Define \(y:= A^{-1}x\) so that \(x\neq 0 \Leftrightarrow y\neq 0\)

\[\|A^{-1}\| = \max \frac{\|A^{-1}x\|}{\|x\|} = \max\frac{\|y\|}{\|Ay\|} = \max (\frac{\|Ay\|}{\|y\|}^{-1}) = \min(\frac{\|Ax\|}{\|x\|})^{-1}\]

So that

\[\|A\|\|A^{-1}\| = \frac{\max(\frac{\|Ax\|}{\|x\|})}{\min(\frac{\|Ax\|}{\|x\|})} = \frac{\max_{\|x\|=1}\|Ax\|}{\min_{\|x\|=1}\|Ax\|}\]
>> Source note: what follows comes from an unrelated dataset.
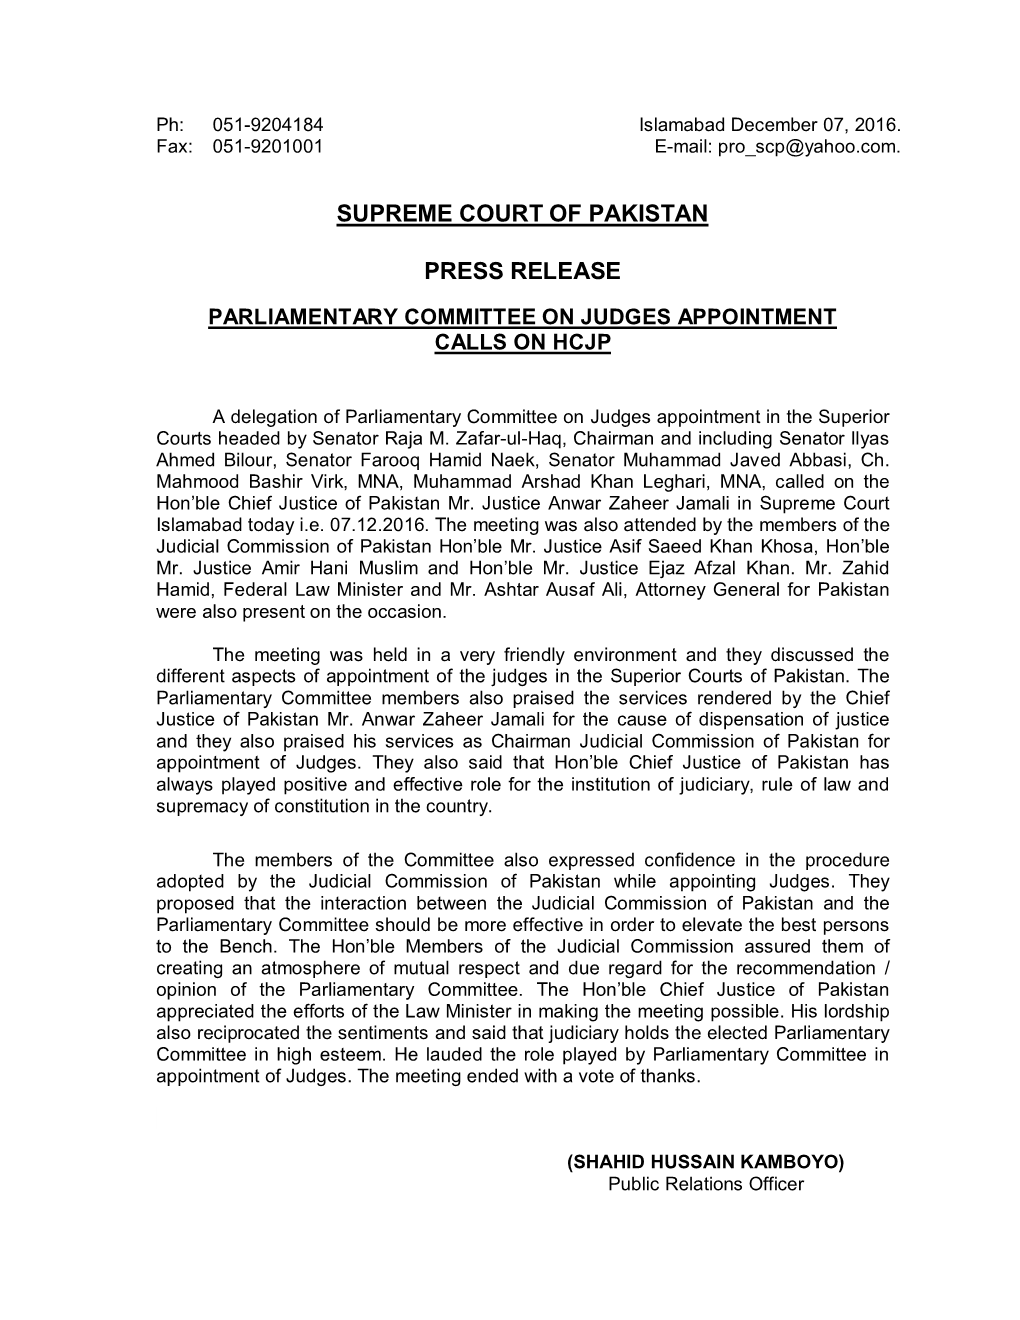 Supreme Court of Pakistan Press Release
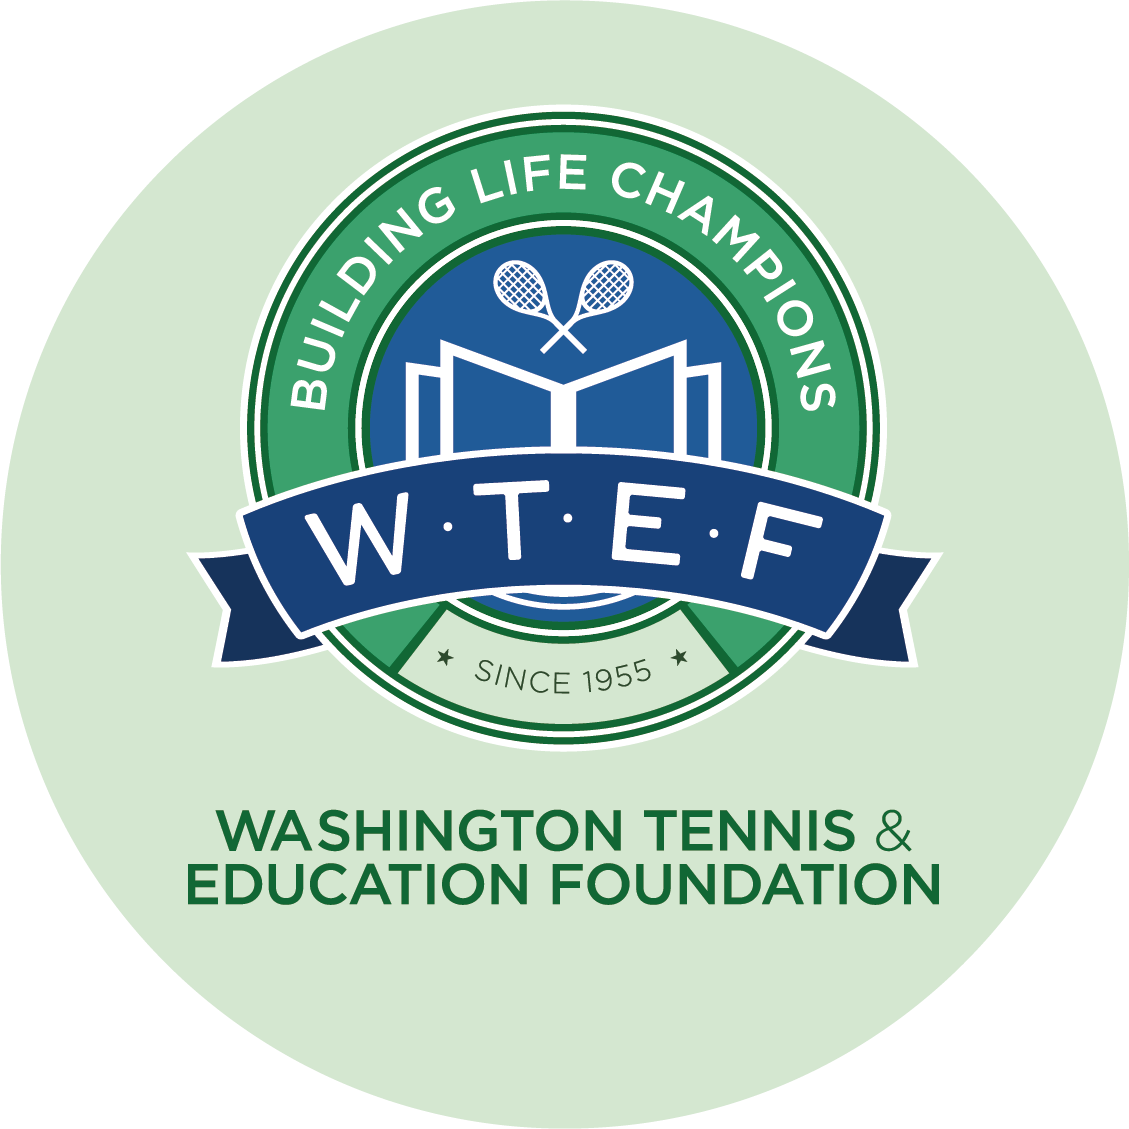 Washington Tennis & Education Foundation logo

Is the ratio between how much \(A\) expands \(x\) and how much \(A\) contracts \(x\)

Properties of Conditioning Numbers

\(\text{Cond}(A)\geq 1\)

\(\text{Cond}(I) = \|I\|\|I^{-1}\| = 1\)

\(\text{Cond}(\gamma A) = |\gamma|\|A\||\gamma^{-1}|\|A^{-1}\| = \text{Cond}(A)\)

Diagonal matrices

If \(D\) is a diagonal matrix of \(diag = \{d_1, d_2,...,d_n\}, di\neq 0\), then

\[\text{Cond}_\infty(D) = \frac{\max(diag)}{\max(diag^{-1})} = \frac{\max(diag)}{\min(diag)}\]

Near singular

If changing some elements of \(A\) by \(A+E\), then it will be singular.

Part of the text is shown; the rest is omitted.